Понятие модернизма нельзя путать с понятием модерна: это особый стиль в искусстве рубежа веков (его синонимы — югендстиль, сецессион, ар-нуво). Модерну было суждено стать своего рода лицом эпохи, он захватил не только живопись, скульптуру и архитектуру, но и прикладные искусства, повседневные формы быта: в стиле модерн расписывали стены домов, ткани, конструировали мебель и посуду, создавали модели одежды, причёски. Приверженцы этого стиля верили в приоритет естественных, органических жизненных сил перед мертвящим техницизмом, рациональностью современного мира. Один из графических символов этого стиля — кадка с цветущей яблоней, чьи корни ломают обручи, стягивающие кадку. В какой-то мере стиль модерн оказал влияние и на литературу: культ «естественного», «стихийного», «меняющегося» сказывается в излюбленных мотивах поэзии «старших» символистов.
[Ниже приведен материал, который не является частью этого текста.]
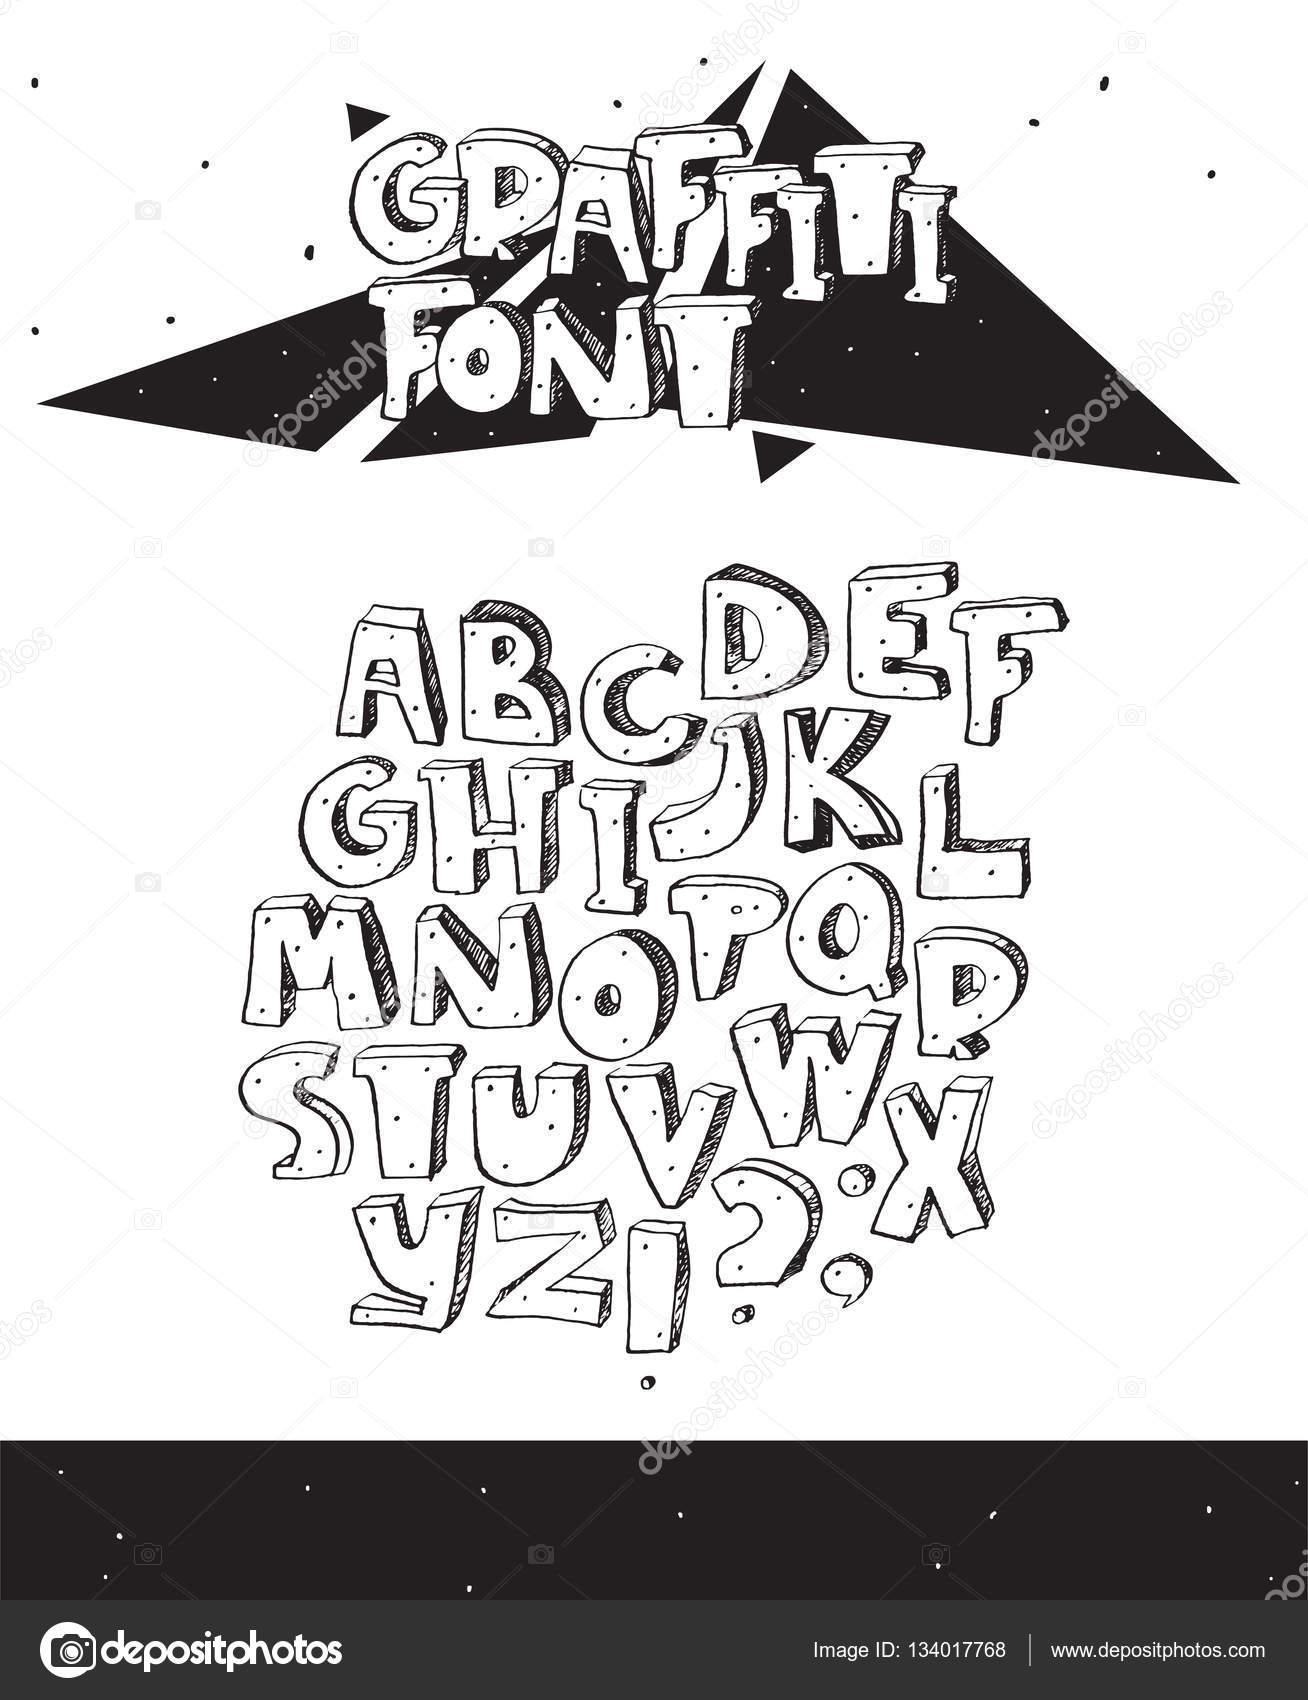 Vektör elle çizilmiş illüstrasyon izole beyaz siyah ve beyaz kusurlu grafiti yazı tipiyle 3d mektupları sıra adan zye mürekkep kapağı ve

Фредерик Базиль. Портрет Поля Верлена. 1867 год{120}
Буквальное значение французского слова décadence — «упадок». Во французской критике оно превратилось в термин после 1883 года, когда французский символист Поль Верлен опубликовал быстро ставший знаменитым сонет «Langueur» (в переводе Валерия Брюсова — «Истома», в переводе Иннокентия Анненского — «Томление»): в нём он сравнивал себя с Римской империей времён упадка. В 1886-м другой французский писатель, Анатоль Бажу, стал выпускать газету «Декадент» — и с этих пор слово стало литературным термином, причём с несколькими значениями. Во-первых, критики часто называли декадентами представителей всех нереалистических школ ХХ века, будь то символисты, акмеисты или футуристы (как правило, с оттенком осуждения). Во-вторых, декадентами могли называть всех символистов, независимо от поколения. В-третьих, так называли только старших символистов, противопоставляя их младшим, или только поэтов-предсимволистов, о которых шла речь в предыдущей лекции (Константин Фофанов, Мирра Лохвицкая). Наконец, термин «декадентство» может обозначать определённое умонастроение, которое в той или иной мере встречается у писателей разных литературных течений. Речь идёт об усталости от жизни, обречённости, отвращении к уродливому пошлому миру. Противопоставить ему можно только культ Красоты и сложное, утончённое собственное «я». Очень важно, что сама Красота понимается декадентами нетрадиционно: можно найти наслаждение не только в искусстве, природе или любви, но и в боли, страдании, смерти.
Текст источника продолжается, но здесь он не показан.